# Floresta amazónica continua a encolher...



## *Dave* (31 Jul 2008 às 14:23)

Deixo mais um link do site do jornal _Publico_, mas desta vez mostra um video.

http://www.publico.clix.pt/videos/?v=20080604140339&z=3


Abraço


----------



## Mário Barros (1 Ago 2008 às 20:44)

E irá continuar a diminuir, pois irá chover cada vez menos naquela zona devido há maluqueira da corrente do golfo.


----------



## *Dave* (1 Ago 2008 às 21:49)

Mário Barros disse:


> E irá continuar a diminuir, pois irá chover cada vez menos naquela zona devido há maluqueira da corrente do golfo.
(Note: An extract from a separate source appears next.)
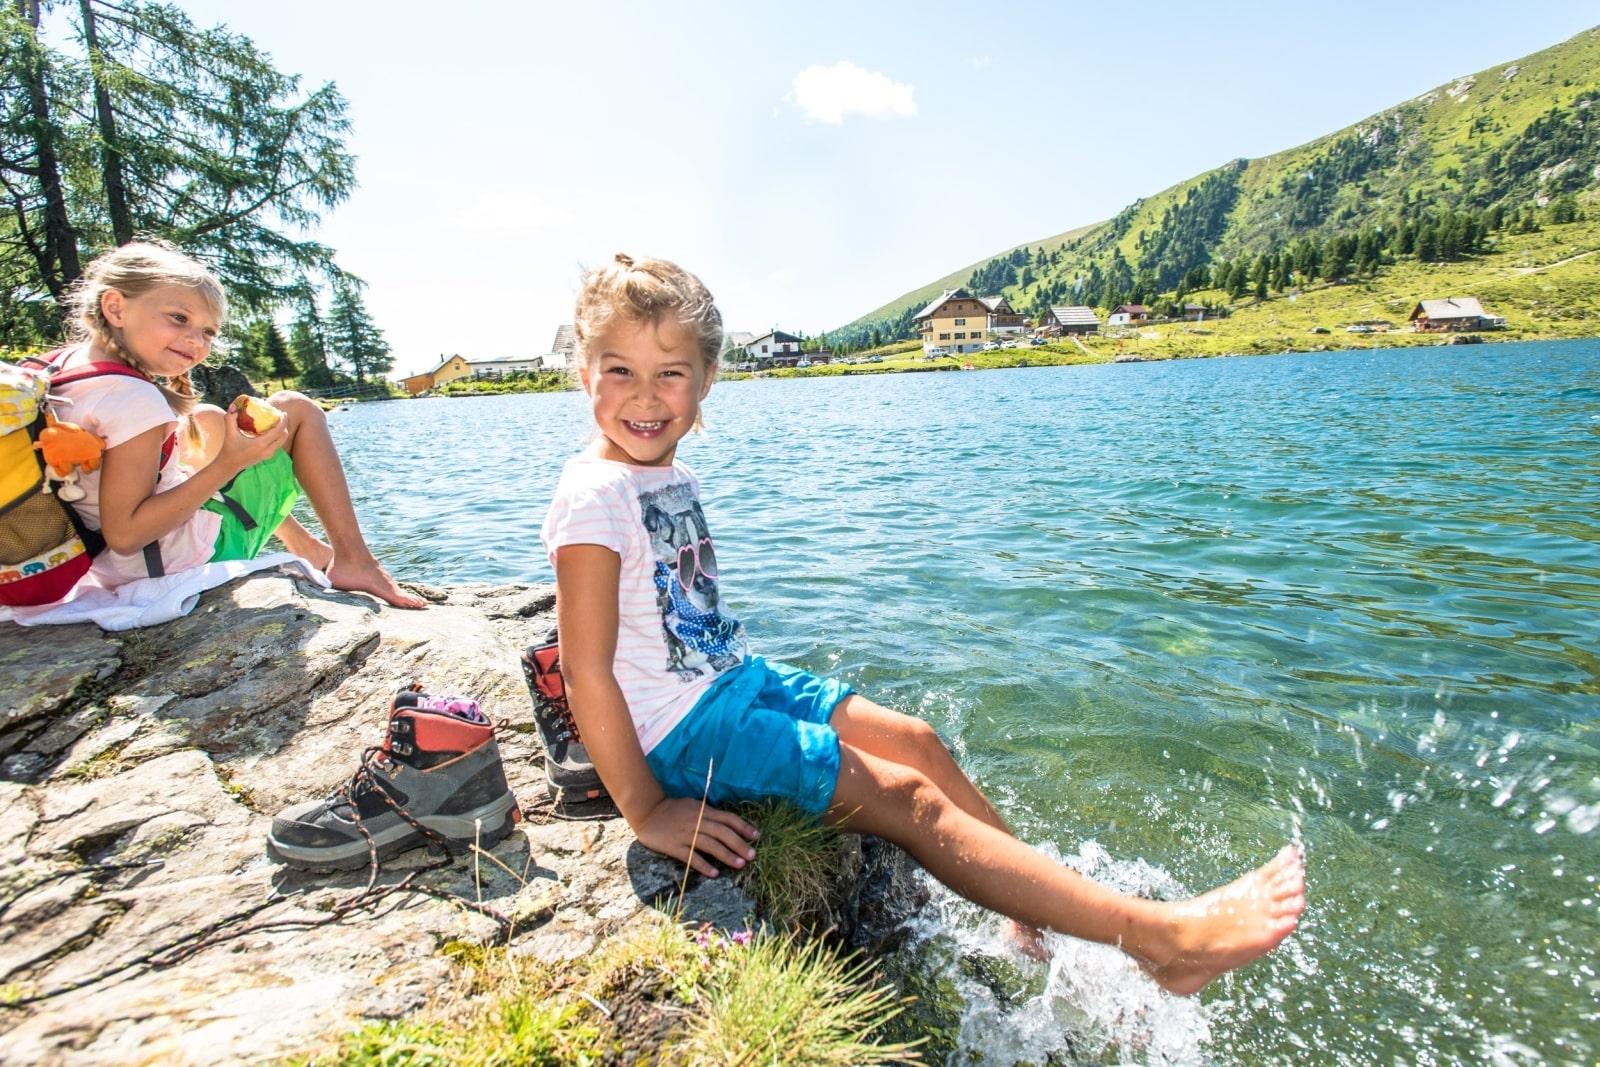 Heidi-Chalet-Falkert-Heidialm-Falkertsee-Kinder-Spass

Mas também devido há ambição do ser humano. Tudo pra ele, nada para as gerações futuras....

Abraço


----------



## stormy (12 Set 2008 às 16:06)

com a maluqueira da corrente do golfo poderam formar-se florestas no sahara.
nao vejam tudo por um mau prisma ja hexistem tecnologias q ja estao a melhorar a qualidade do ar em algumas cidades.


----------



## Paulo H (12 Set 2008 às 17:13)

stormy disse:


> com a maluqueira da corrente do golfo poderam formar-se florestas no sahara.
> nao vejam tudo por um mau prisma ja hexistem tecnologias q ja estao a melhorar a qualidade do ar em algumas cidades.



Dizem que sim, que alguns oasis se estão regenerando e expandindo, podendo numa questão de séculos poder dar origem a algo que dificilmente hoje em dia conseguimos imaginar, mas que sabemos por estar escrito nas escritas mais antigas da história, paisagens verdejantes com florestas! Ex: Babilónia, onde é hoje o Iraque, e todo o vale do nilo e do eufrates..

Mas dizem que tem a ver com a inclinação da Terra, que permite a reposição dos lençois de água, como se subisse por essa razão o nível freático.. O que eu por muito que raciocine, não consigo explicar! Pois se não tiver a ver directamente com alterações climáticas, não encontro outra explicação científica. Para mim, se é indiferente para onde a Terra se incline, pois o peso é uma força, um vector com um escalar que é a massa e uma direcção que aponta para o centro de massa do planeta (não quiz dizer centro geométrico, propositadamente, pois não têm de coincidir). 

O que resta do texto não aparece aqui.